*********************************
There is now a CONTENT FREEZE for Mercury while we switch to a new platform. It began on Friday, March 10 at 6pm and will end on Wednesday, March 15 at noon. No new content can be created during this time, but all material in the system as of the beginning of the freeze will be migrated to the new platform, including users and groups. Functionally the new site is identical to the old one. webteam@gatech.edu
*********************************
Title: Lightweight Resiliency Mechanism via Compiler Techniques
Chao Chen
Ph.D. Student in Computer Science
School of Computer Science
College of Computing
Georgia Institute of Technology
Date: Monday, November 4, 2019
Time: 10:30 - 12:00 (EST)
Location: KACB 3126
Committee:
------------
Dr. Santosh Pande (Advisor, School of Computer Science, Georgia Institute of Technology)

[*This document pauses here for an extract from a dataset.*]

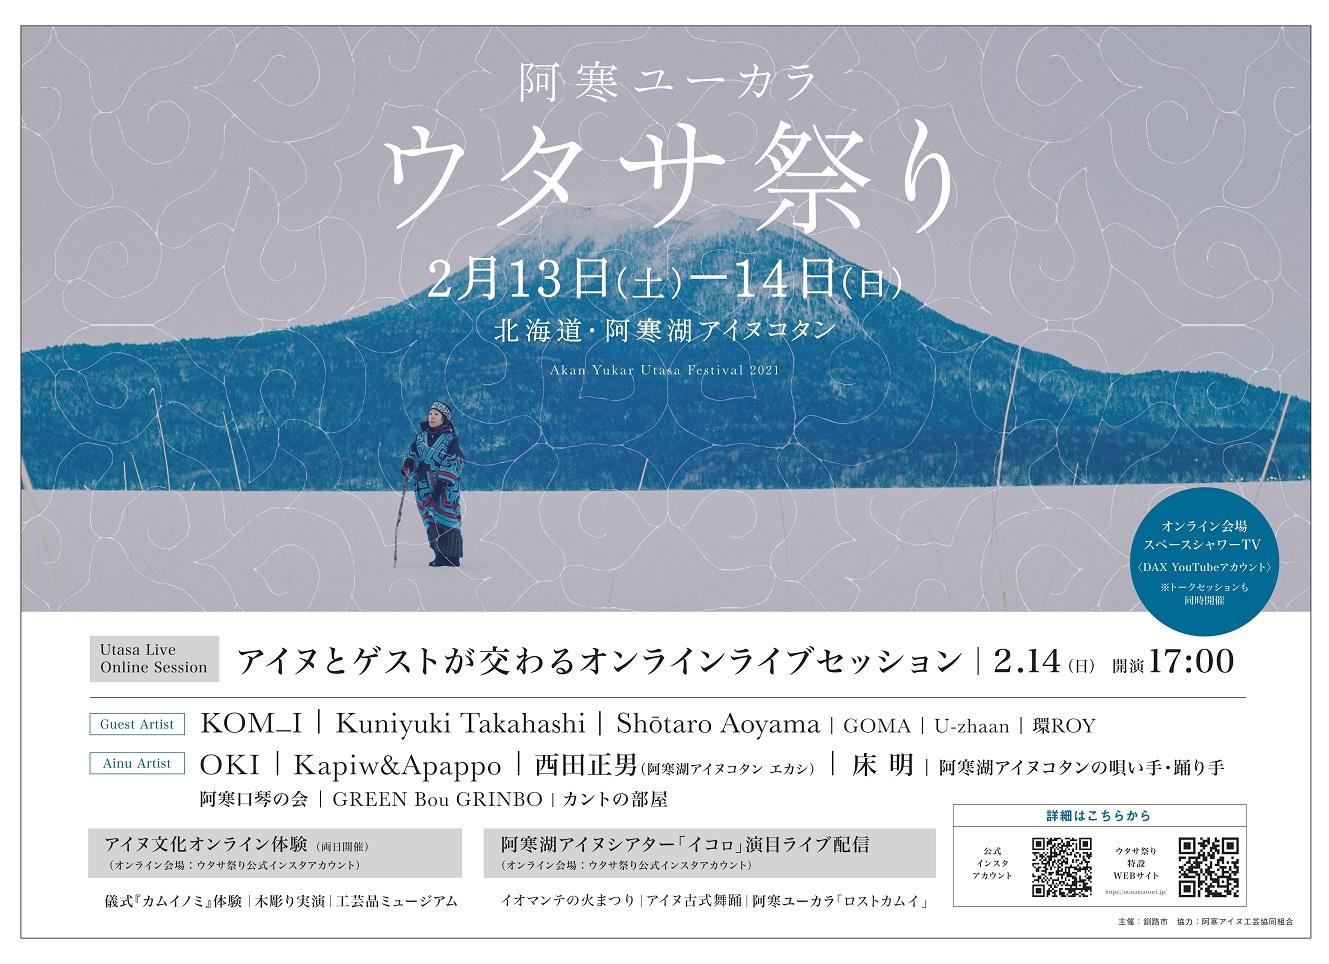 ウタサ祭りポスター
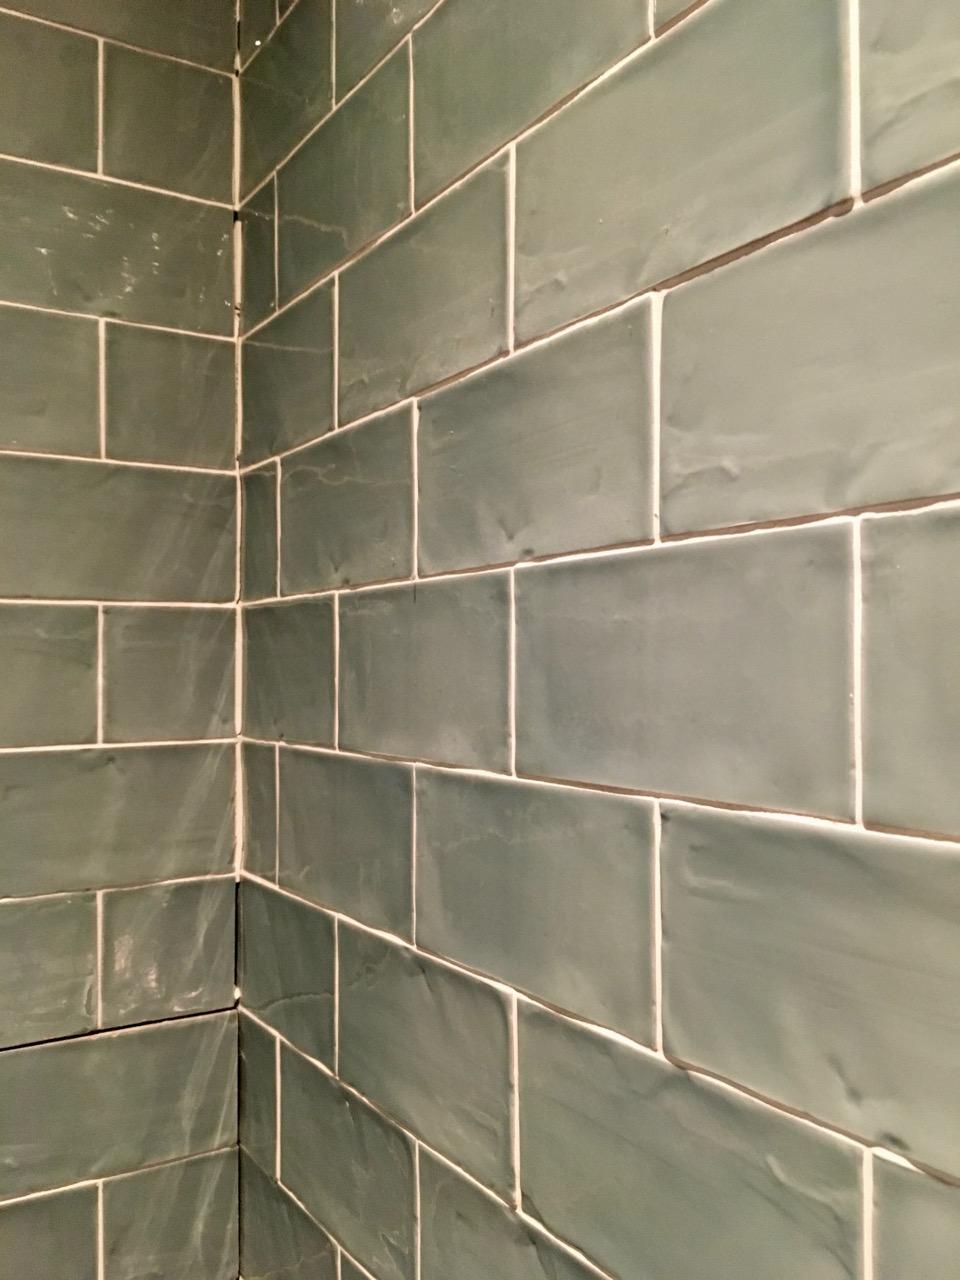 Tiles - gorgeous

Dr. Greg Eisenhauer (Advisor, School of Computer Science, Georgia Institute of Technology)
Dr. Ling Liu (School of Computer Science, Georgia Institute of Technology)
Dr. Vivek Sarkar (School of Computer Science, Georgia Institute of Technology)
Abstract:
-----------
Transient faults are a significant concern for emerging extreme-scale high performance computing (HPC) systems.
This nascent problem is exacerbated by technology trends toward smaller transistor size, higher circuit density and
he use of near-threshold voltage techniques to save power. While transient faults in memories can be managed with
parity techniques, faults in processing components are not so easily detectable and manageable. These faults can
cause major problems for HPC applications. Faults in different CPU components manifest differently and are best
approached in different ways. Faults manifested in floating point units are highly likely to corrupt applications’ state
without any warnings and lead to incorrect outputs (called Silent Data corruptions or SDCs), and faults in the integer
computations are more likely to cause control problems and/or manifest themselves as addressing faults which cause
application termination (named Soft Failures or SFs), because integer instructions tend to dominate control and address
calculations in HPC applications. While SDCs harm the confidence in computations and could lead to inaccurate scientific
insights, SFs degrade system efficiency and performance; SFs require the impacted jobs to be restarted from
their checkpoints and recomputing lost computations before continuing the normal operation. To address these
challenges, this thesis proposes a set of lightweight techniques to mitigate the impact of transient faults by both
exploiting application properties for SDC detection, and by leveraging compiler techniques for recovery. This work
makes the following contributions:
First, this thesis proposes LADR, a low-cost application-level SDC detector for scientific applications. LADR protects
scientific applications from SDCs by watching for data anomalies in their state variables. It employs compile-time
data-flow analysis to minimize the number of monitored variables, thereby reducing runtime and memory overheads
while maintaining a high level of fault coverage with low false positive rates.
Second, this thesis proposes CARE, a light-weight compiler-assisted technique for on-the-fly repair of processes crashed
by transient faults in the address path. The goal of CARE is to facilitate repaired processes to simply continue their executions
instead of being terminated and restarted. During the compilation of applications, CARE constructs a recovery kernel for each
load/store. It traps segmentation faults caused by the use of corrupted addresses, extracts appropriate state from the suspended
process and uses the recovery kernels to attempt to recreate a correct version of the address, so that it can retry the faulted
load/store and continue the application. CARE, leveraging compile-time preparation and using segmentation faults as
a detection mechanism, ensures that there is no run-time overhead under non-faulty execution and spends
minimal time in recovery under a runtime fault.
Finally, despite the promising results achieved by CARE, the scope of recovery is very challenging for important runtime
artifacts such as induction variable updates, which cause a significant portion of failures in many other scientific workloads.
To address this challenge, we look into the code optimization techniques in modern compilers, and found that some of these
techniques, such as strength-reduction, can open up opportunities by turning array accesses into strength-reduced pointers
which are updated independently in lockstep. Modified induction-variable-based strength-reduction allows independent but
equivalent computations (patterns) so that a correct value for the corrupted pointer can be inferred from the value of another.
Thus, smarter recovery kernels are designed to recover from a broader range of soft failures by exploiting “accidental”
redundancy introduced by code optimization techniques with no impact on code speed.